__DIRECTIONS__: Write the listing below out again exactly, dropping the images.

__DATASET CONTENT__:
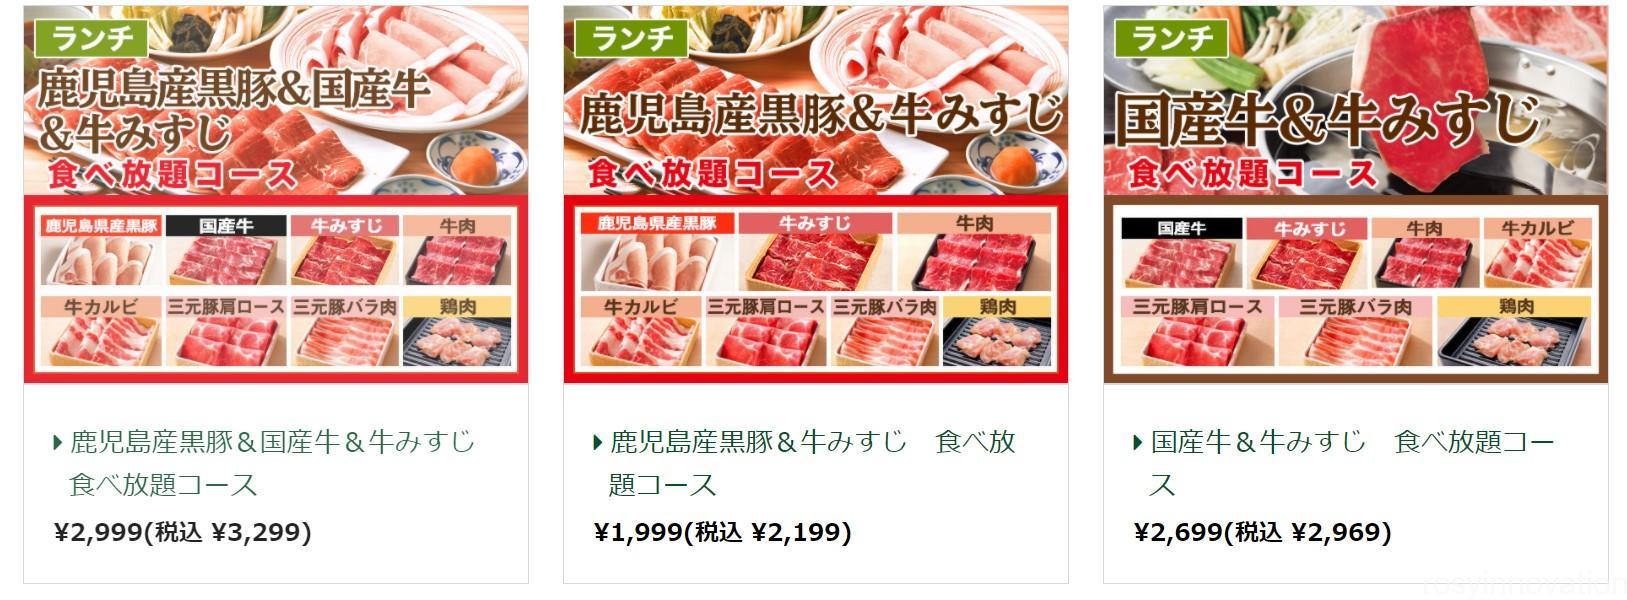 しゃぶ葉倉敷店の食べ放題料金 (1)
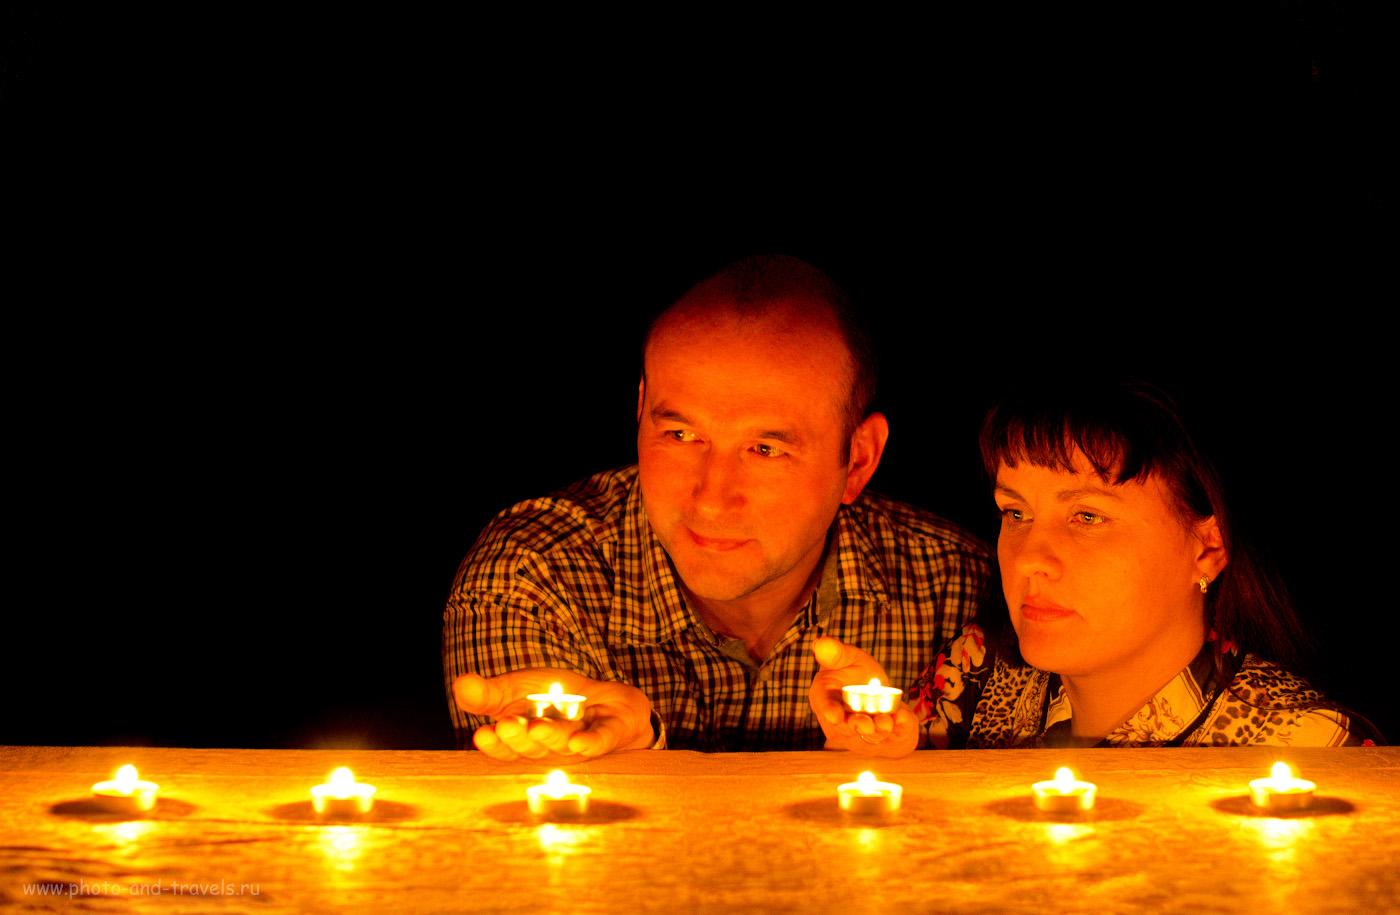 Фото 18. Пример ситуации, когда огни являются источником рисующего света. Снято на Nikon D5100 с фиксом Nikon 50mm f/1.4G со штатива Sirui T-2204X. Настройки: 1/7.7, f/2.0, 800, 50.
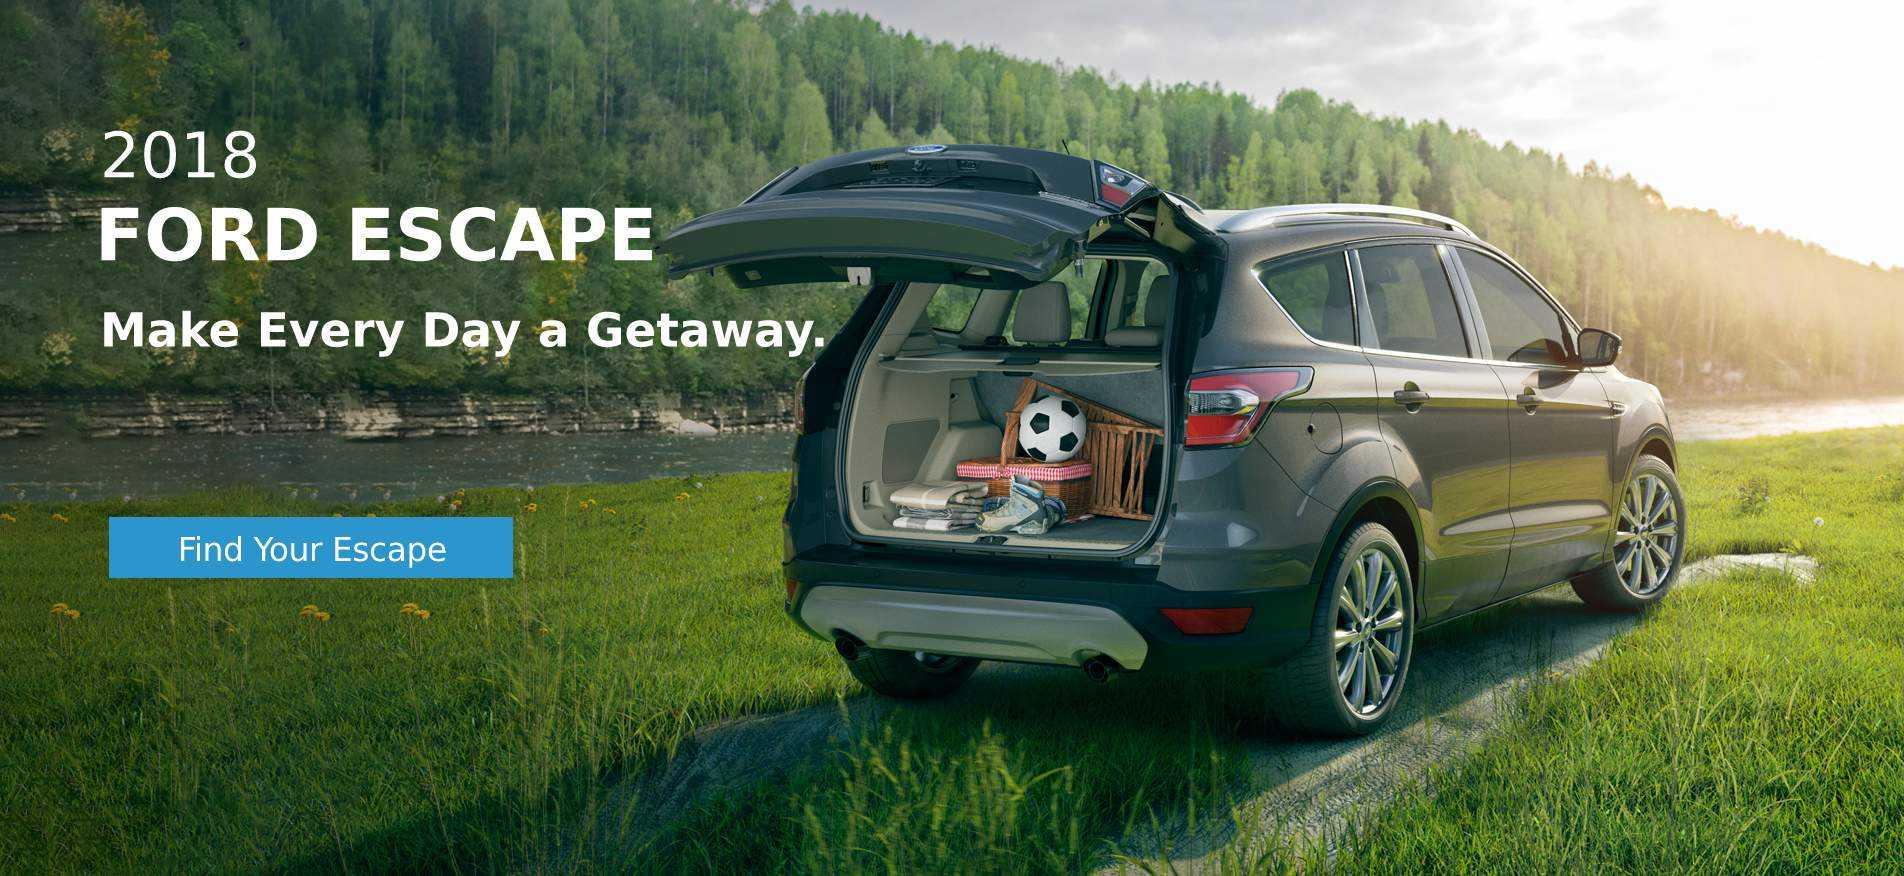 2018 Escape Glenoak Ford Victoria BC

__PROBLEM SOLUTION__:
 しゃぶ葉倉敷店の食べ放題料金 (1)
 Фото 18. Пример ситуации, когда огни являются источником рисующего света. Снято на Nikon D5100 с фиксом Nikon 50mm f/1.4G со штатива Sirui T-2204X. Настройки: 1/7.7, f/2.0, 800, 50.
 2018 Escape Glenoak Ford Victoria BC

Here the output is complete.